We need to maintain a large number of invariants. The trickiest one is forced by the inability of Dragon to atomically modify anything more than one word. This implies that reference counts may be too high from time to time, which means that during that time the trace and sweep collector must be prevented from running, because it would incorrectly reconstruct certain reference counts.

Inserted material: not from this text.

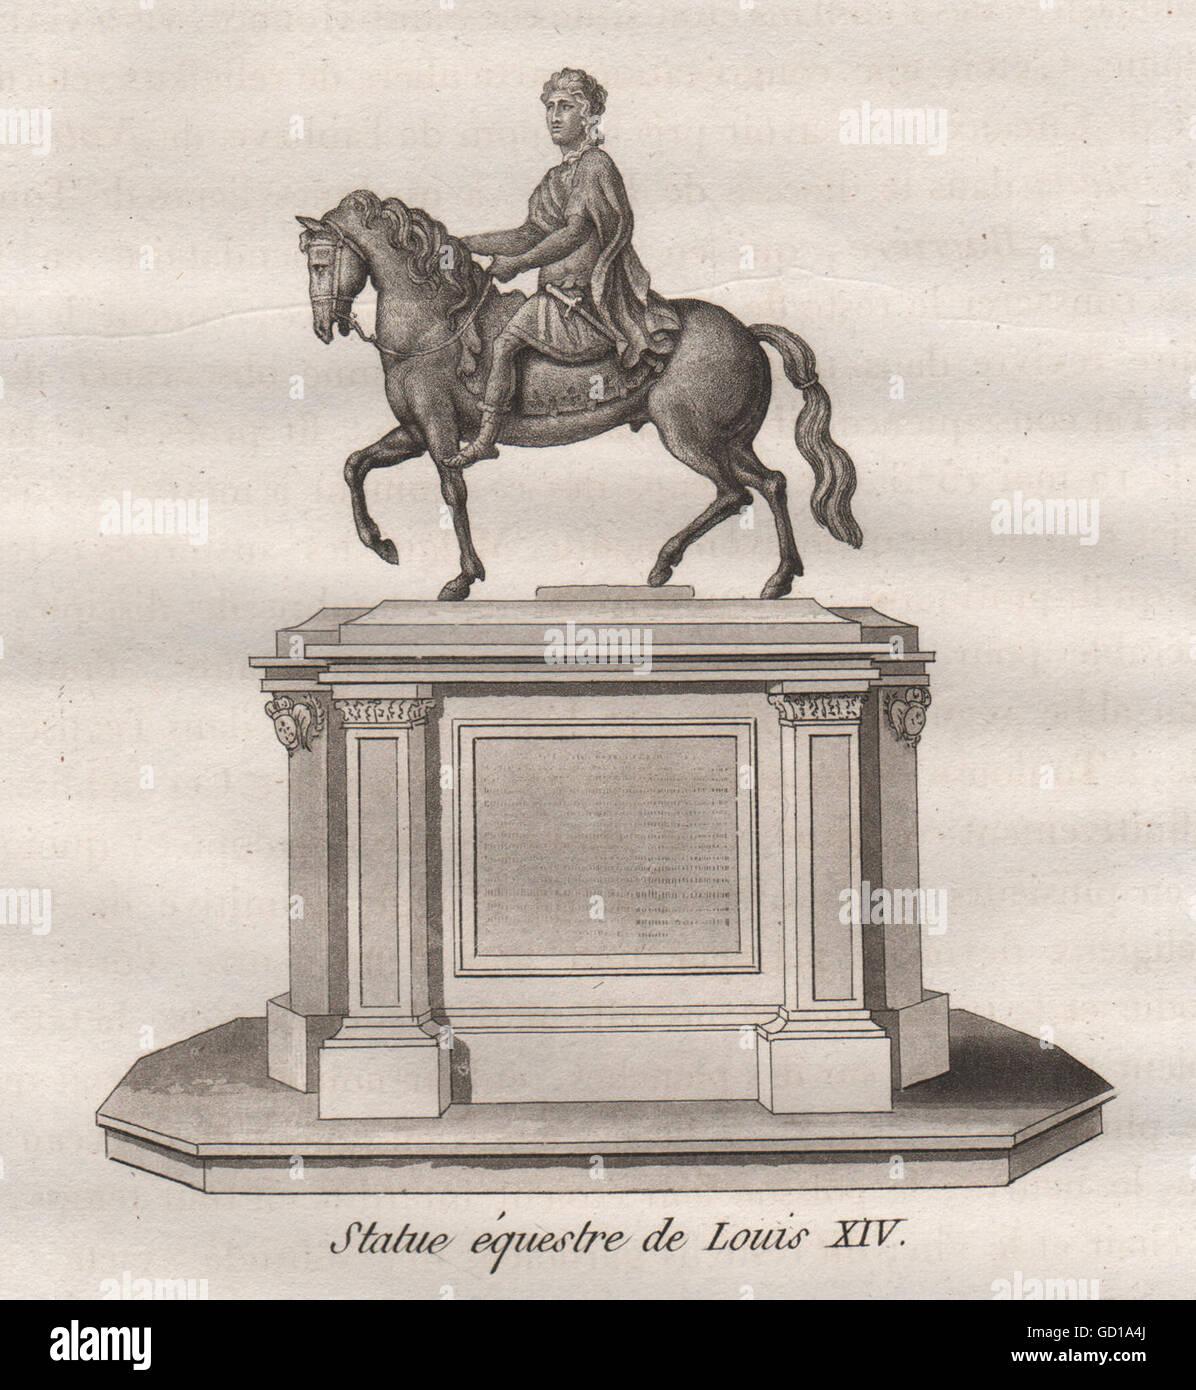 PARIS: Statue équestre de Louis XIV. Aquatint, antique print 1808 - Stock Image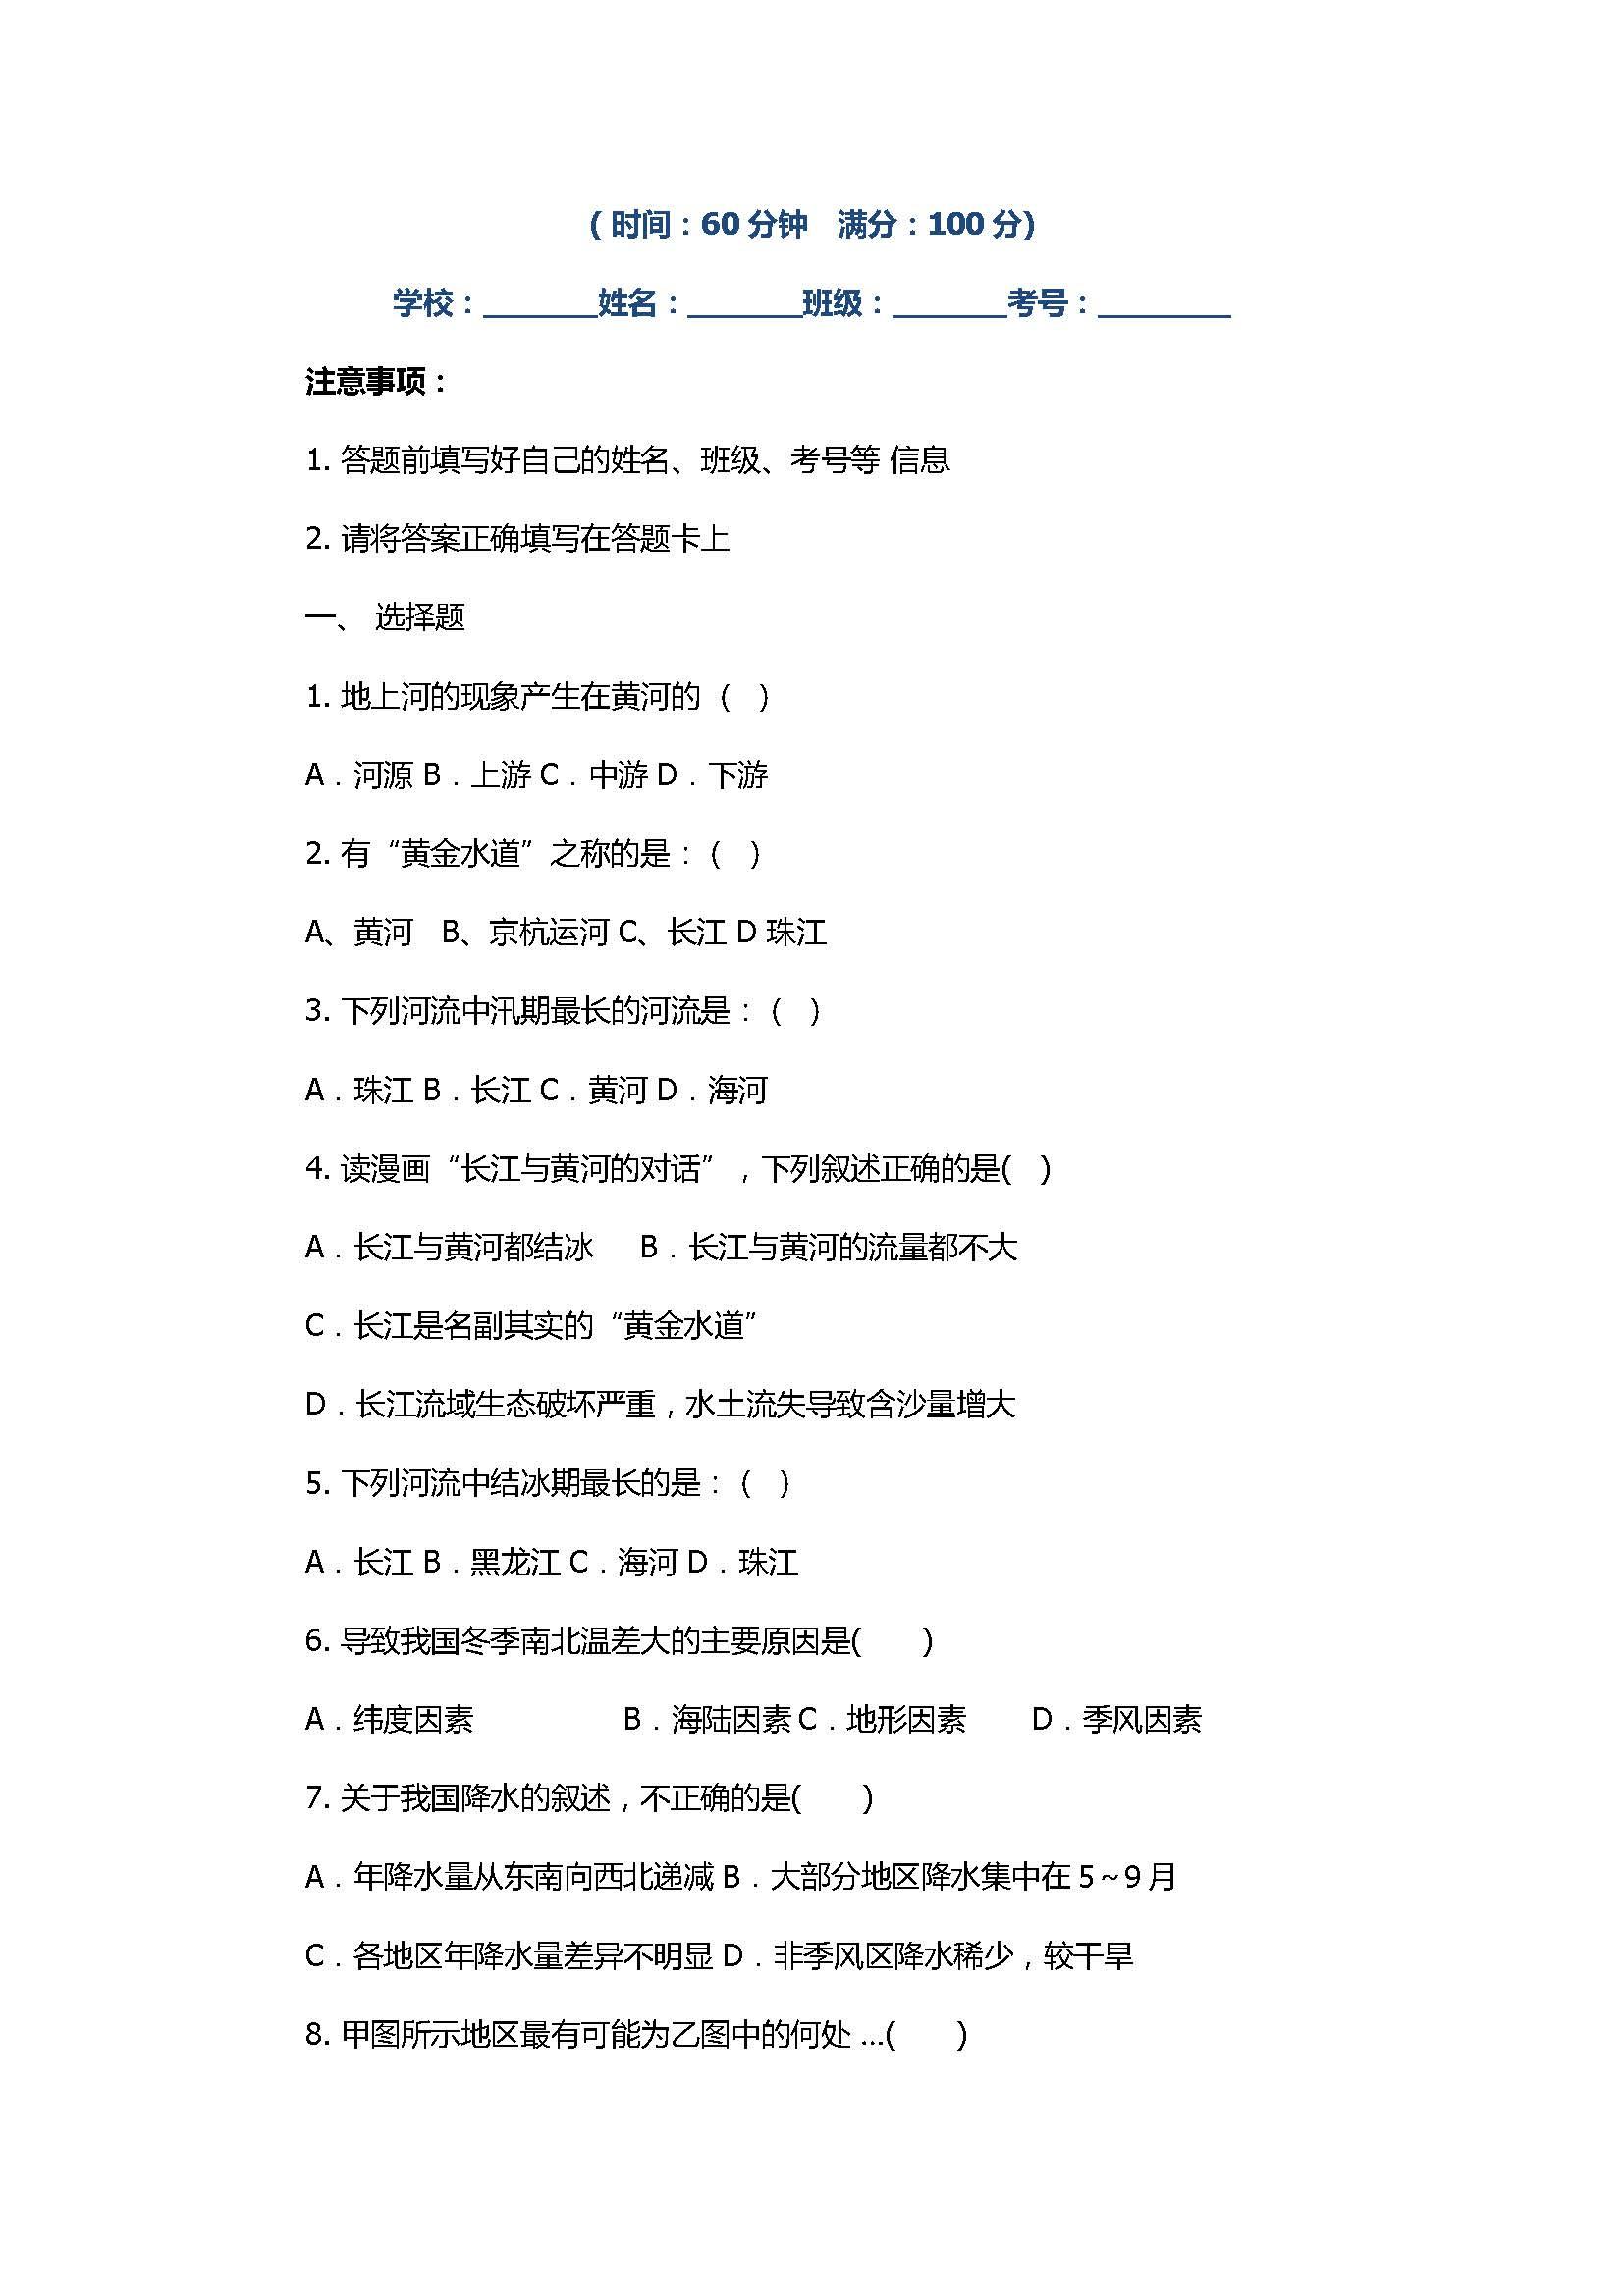 2017八年级地理上册月考试题带参考答案(广西钦州市高新区)

The invariant can be stated informally as "whenever a reference count is incorrect, trace and sweep must be disabled". Note that it is disasterous to have the reference count too low, since a legitimate decrement by another process could force the RC under 0, which has no real meaning, and cannot be handled by our structures.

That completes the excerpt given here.